De eerste ervaringen met de decentralisaties

8 februari 2015

Vanaf januari 2015 is de gemeente verantwoordelijk voor het uitvoeren van veel meer taken op het gebied maatschappelijke ondersteuning (WMO), Jeugdzorg en arbeidsparticipatie (Participatiewet): de zgn. 3D’s. Daarvoor werd een wijkteam opgetuigd: het Team Voor Elkaar. De Brummense gemeenschap kijkt met argusogen naar de ontwikkelingen in onze gemeente.
Tijdens het februariforum deed Mark Waaijenberg, de man die het hele proces begeleidt (de kwartiermaker), uitgebreid verslag over de eerste ervaringen van het team.
De meeste contacten zijn telefonisch (500 keer).

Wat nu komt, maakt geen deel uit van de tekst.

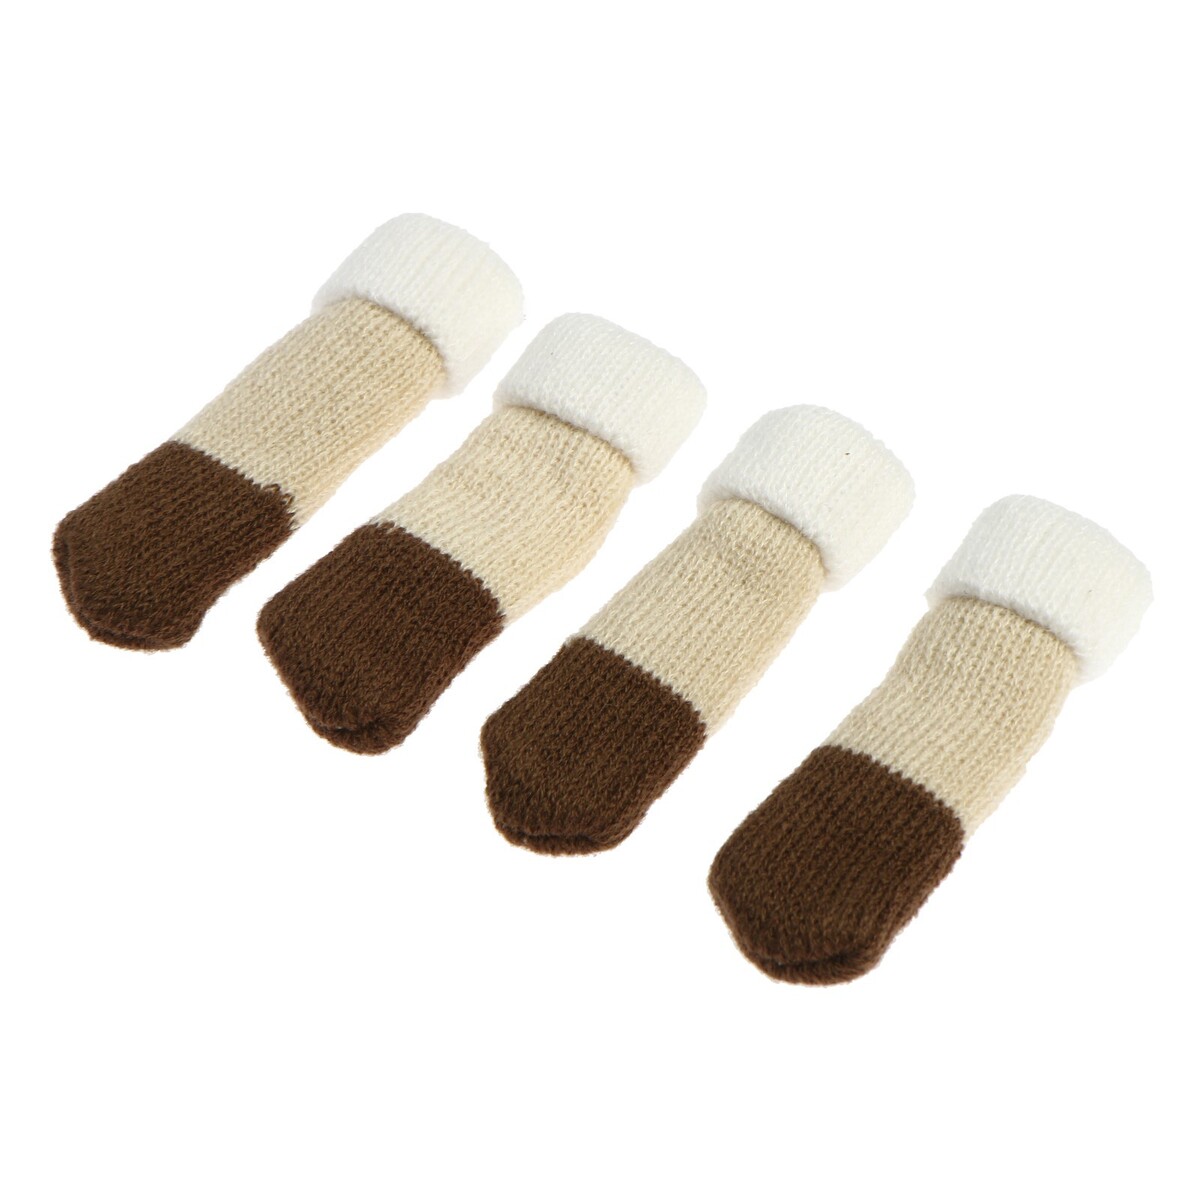 Носки для мебели cappio, цвет бежево-коричневый комплект для перетяжки мебели 50 × 100 см иск кожа поролон 20 мм коричневый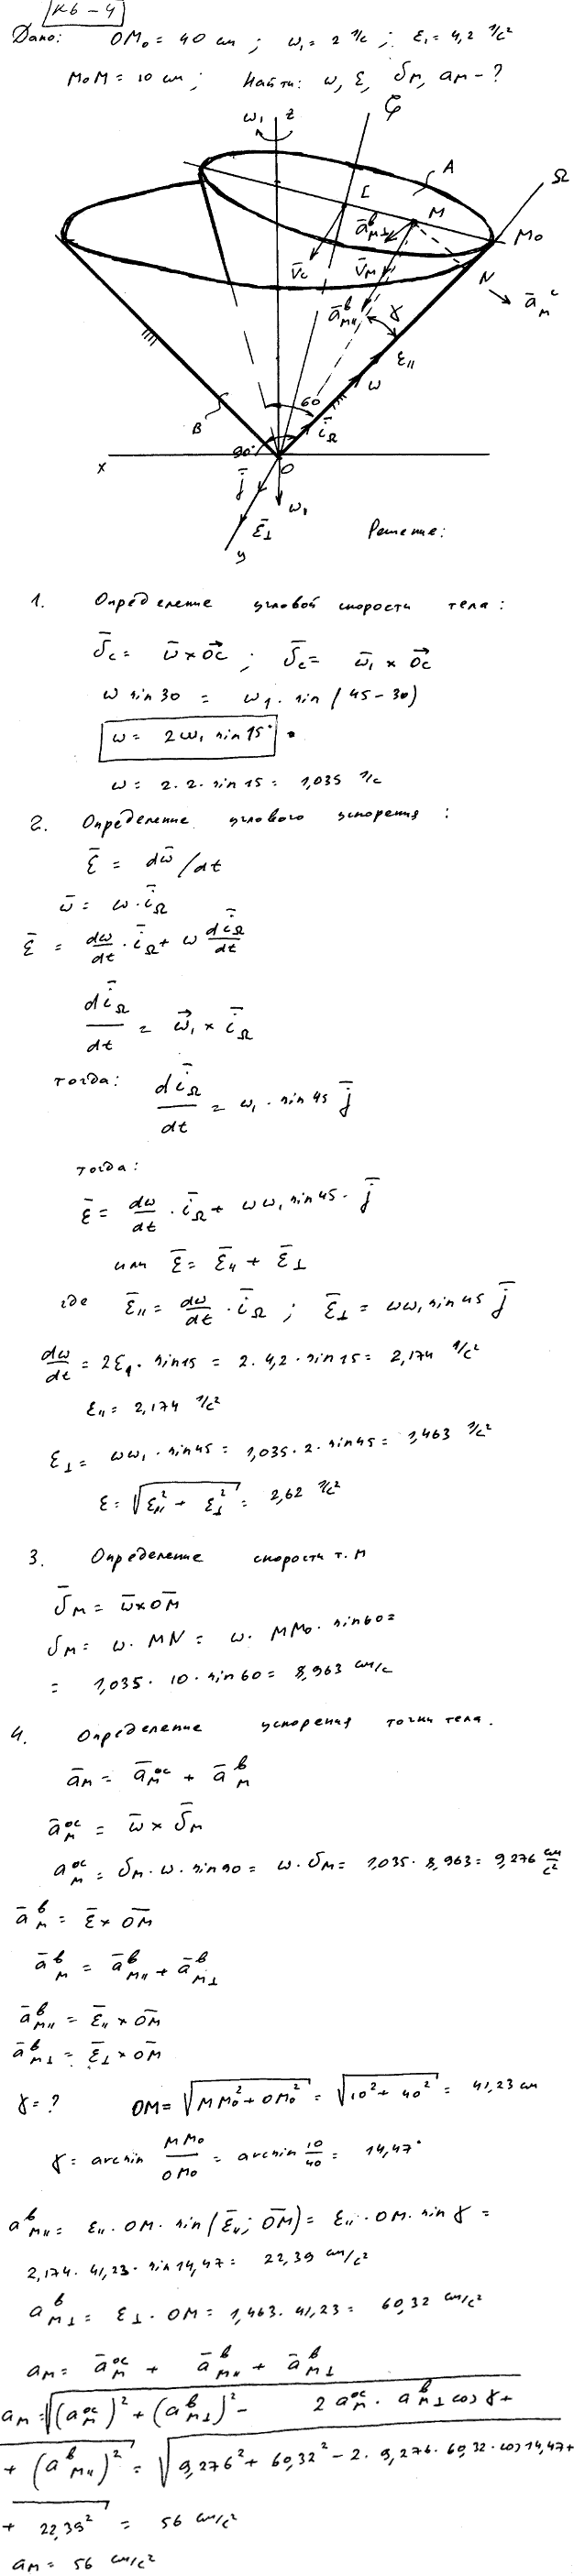 Задание К.6 вариант 4. OM0=40 см; ω1=2,0 рад/с; ε1=4,2 рад/с^2; M0M=10 см

Dit zijn niet 500 afzonderlijke burgers, want sommige zaken vergen meerdere telefonische contacten met een burger. Daarnaast hebben 50 burgers gebruik gemaakt van het inloopspreekuur. 75% gaat over de WMO en 15% betreft jeugdzaken.
Het is ook zichtbaar, dat onze inwoners weet hebben van de veranderingen. Al 150 mensen hebben zelf contact gezocht met het team Samen goed voor elkaar, omdat hun WMO- of andere indicatie afloopt. Ruim 90 gesprekken hebben inmiddels al plaatsgevonden.

Team voor elkaar

In het team zitten mensen die ervaring hebben vanuit verschillende disciplines: vanuit de jeugdzorg (bureau Centrum jeugd en gezin en bureau Jeugdzorg), Mee (begeleiding mensen met een beperking), maatschappelijk werk (SWB) en verslavingszorg (Tactus) en vanuit de “oude” WMO (ambtenaren van de gemeente Brummen), in totaal 11 mensen. De heer Waaijenberg kon nog weinig zeggen over de vragen met betrekking tot de arbeidsparticipatie. De uitvoering van de participatiewet wordt vanuit Apeldoorn gedaan. Binnenkort worden er afspraken gemaakt hoe het team en de consulenten de activiteiten met elkaar gaan afstemmen. De PvdA zou nog wel willen bekijken of Brummen de participatiewet niet zelf kan uitvoeren. Hier liggen volgens ons kansen.
De “breedte” van dit team wordt b.v. door artsen als prettig ervaren. De lijnen zijn hierdoor zeer kort in tegenstelling tot gemeenten die de verschillende onderdelen apart georganiseerd hebben.
De PvdA vindt dit een goede zaak. Juist de dwarsverbanden tussen de Participatiewet, de WMO en de jeugdzorg kan dit team zo beter vormgeven en moet volgens ons kostenbesparend gaan werken zonder de kwaliteit van de zorg aan te tasten.
De heer Waaijenberg meldde dat er in relatie tot de landelijke commotie in onze gemeente weinig gedoe is met de Persoonsgebonden budgetten (PGB’s).
De start ziet er positief uit, al is men er nog lang niet. Zo moet de wijkverpleegkundige nog een plek krijgen. Het is ook positief dat er binnen het team behoefte aan verdieping van specifieke kennis. Dat getuigt van een goede instelling van de medewerkers.
Hoe gaat het wijkteam zich verder ontwikkelen? Wordt het een team dat op buurtniveau de eerste vraagbaak voor de bewoners wordt? De verwachting is dat op deze manier hulpvragen eerder boven tafel komen. Lekker dichtbij met een goed gesprek aan de “keukentafel” waarin zij overleggen welke zorg er in de specifieke situatie nodig is? Of wordt het bureaucratisch instituut dat alleen beoordeelt? Op de vraag van Cathy Sjerps wat de verhouding is tussen het actief ín de wijk zijn en achter het bureau zitten kon de heer Waaijenberg helaas (nog) geen antwoord geven. De PvdA is voorstander van een proactieve houding. Gaat het team ook de wijk in, bellen de teamleden aan en gaan ze in gesprek met mensen?
Willen we als gemeente slagen om deze zware klus tot een goed einde te brengen en nog iets te kunnen betekenen voor kwetsbare groepen, dat zal het team volgens de PvdA op zoek moeten gaan naar de dwarsverbanden tussen de WMO, jeugdzorg en Participatiewet. Het ziet er naar uit dat het team die weg ingeslagen is.